Aim of the exercise:
Set the whole listing down again, word for word, with no pictures.

Data block:
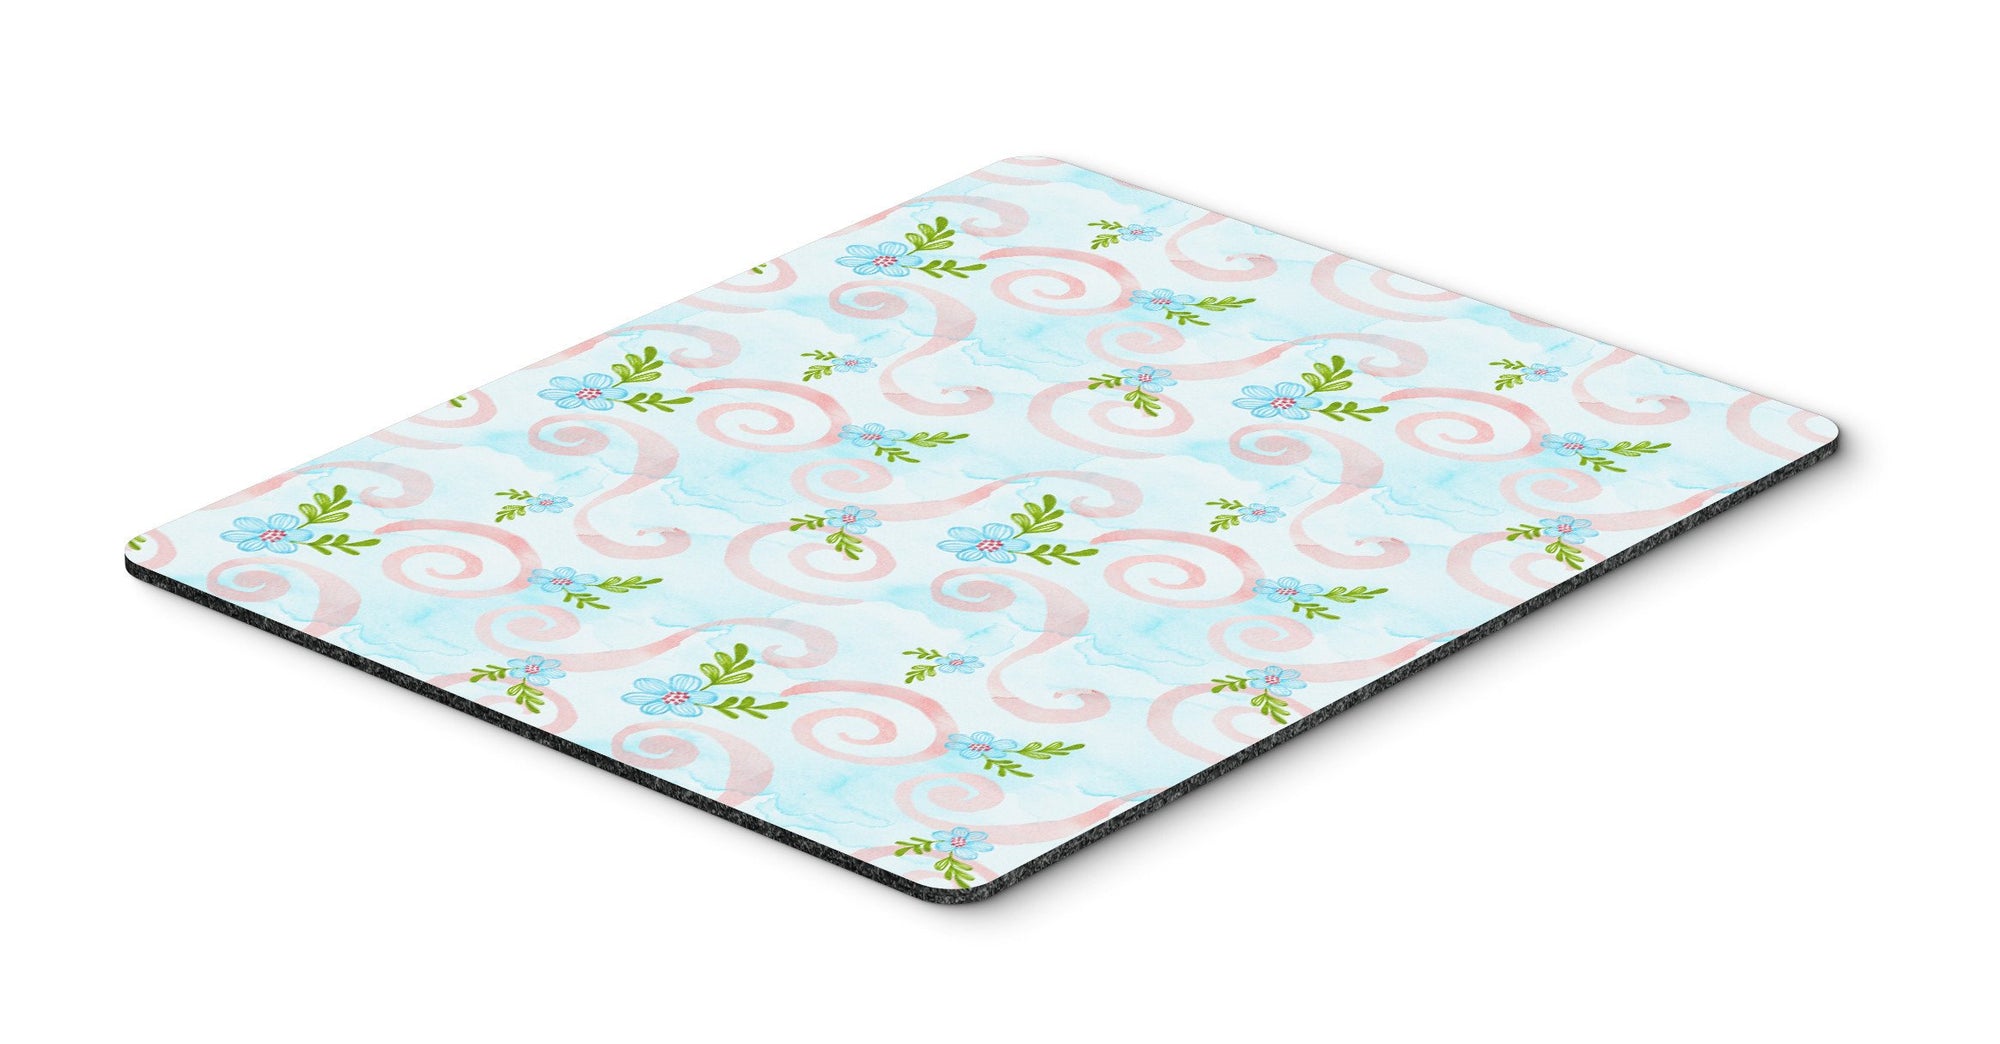 Watercolor Blue Flowers and Swirls Mouse Pad, Hot Pad or Trivet BB7482MP by Caroline's Treasures
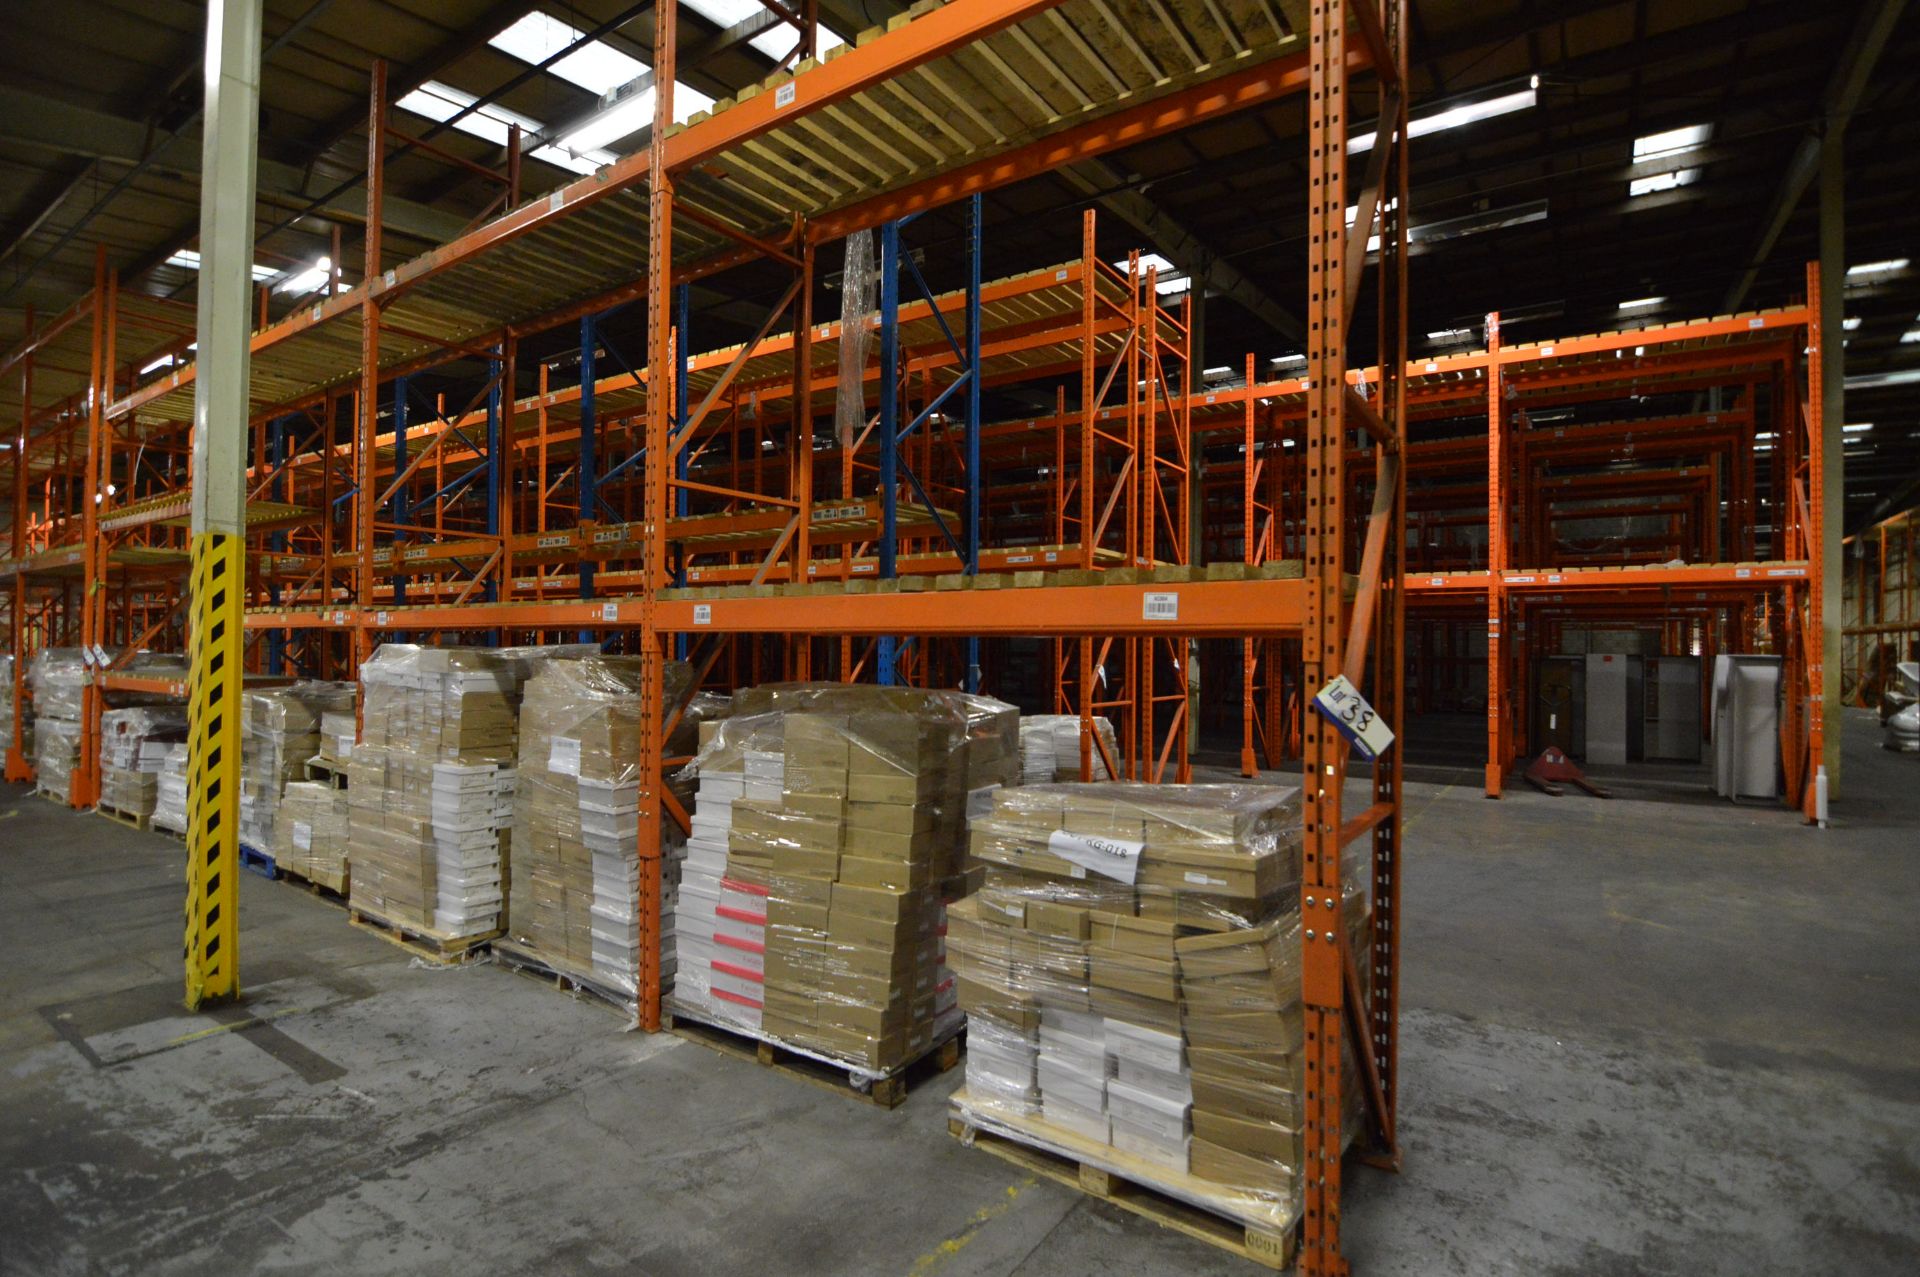 Redirack SD170 Single Sided Four Bay Two & Three Tier Pallet Rack, approx. 11m x 900mm x 5.1m
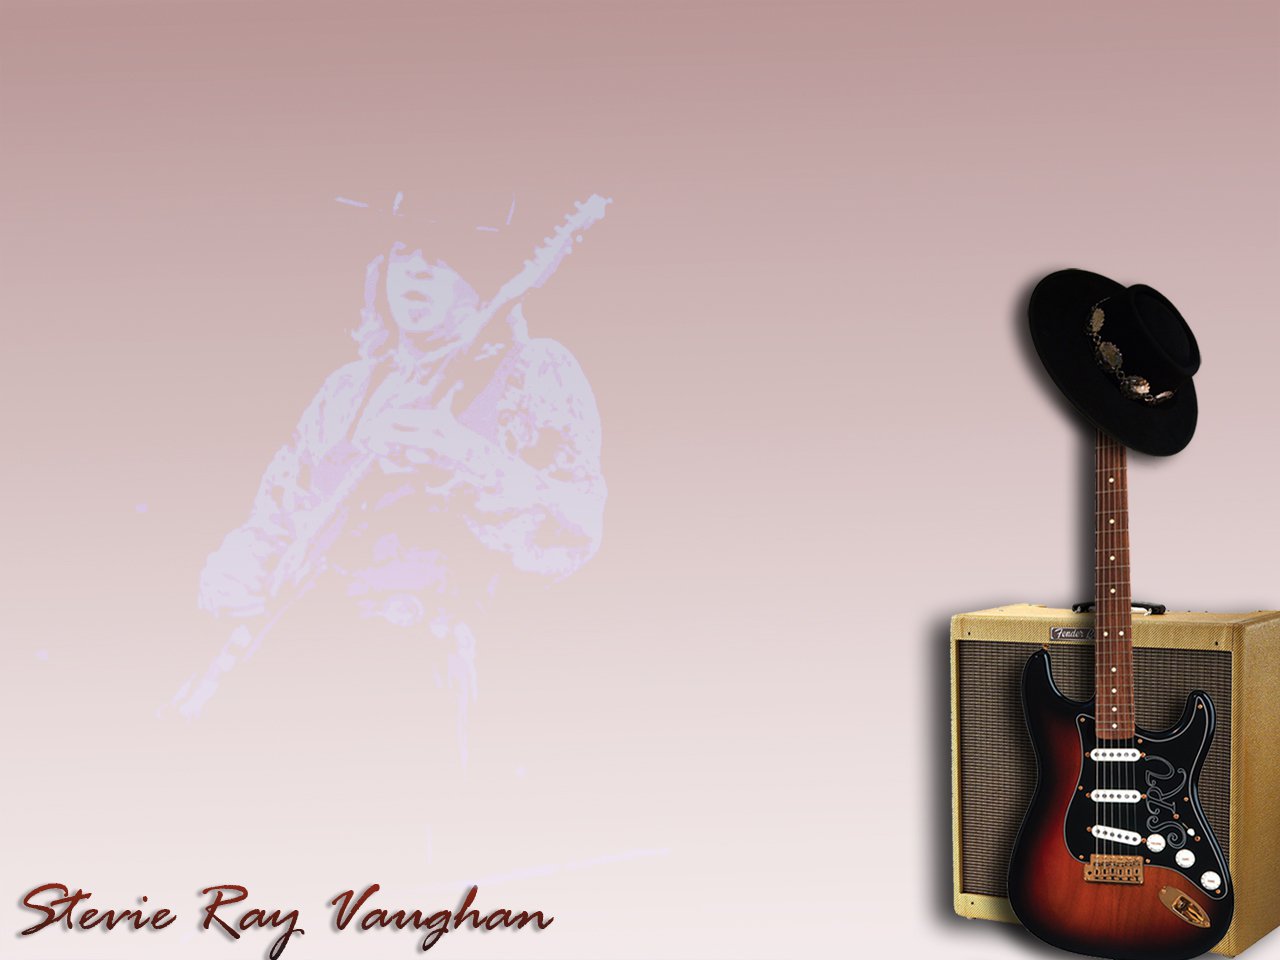 New Srv Wallpaper Finished This Ones For Jesse I Think Lol
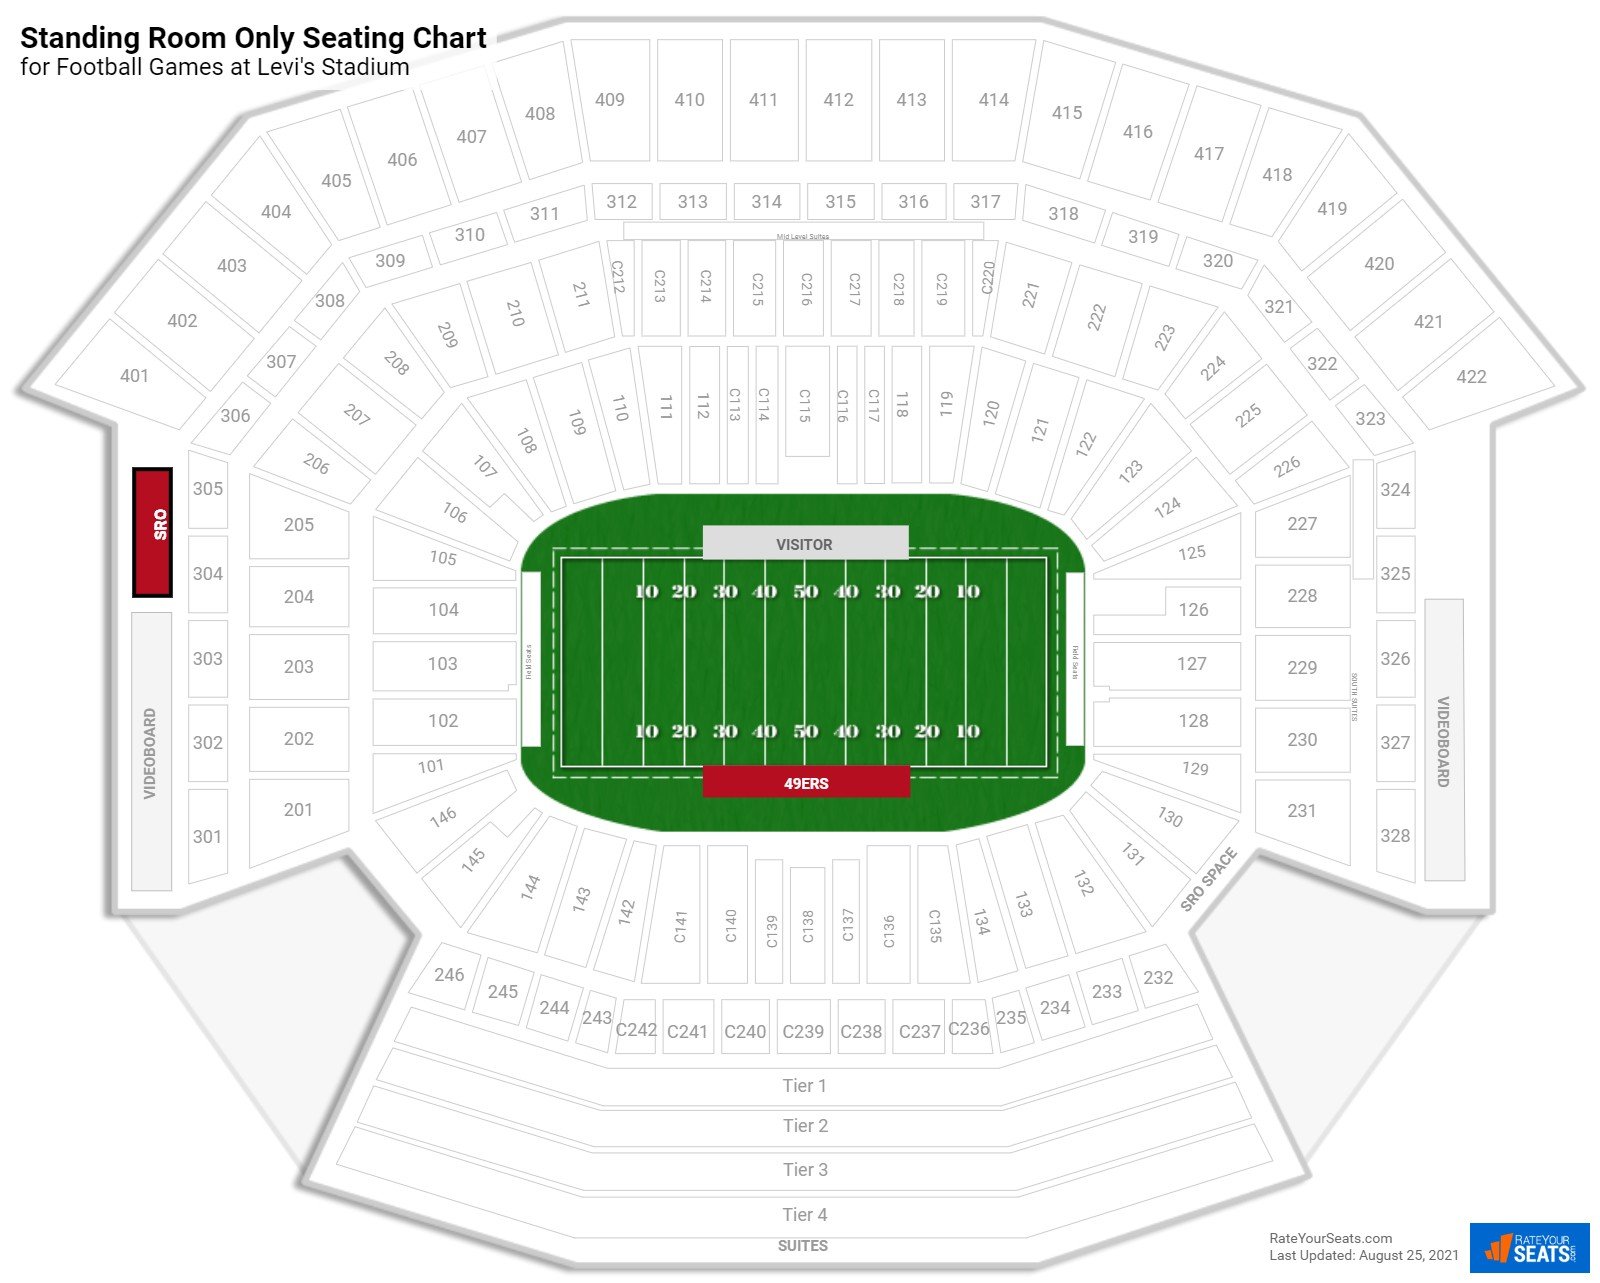 Standing Room Only Tickets at Levi's Stadium

Result of this exercise:
 Watercolor Blue Flowers and Swirls Mouse Pad, Hot Pad or Trivet BB7482MP by Caroline's Treasures
 Redirack SD170 Single Sided Four Bay Two & Three Tier Pallet Rack, approx. 11m x 900mm x 5.1m
 New Srv Wallpaper Finished This Ones For Jesse I Think Lol
 Standing Room Only Tickets at Levi's Stadium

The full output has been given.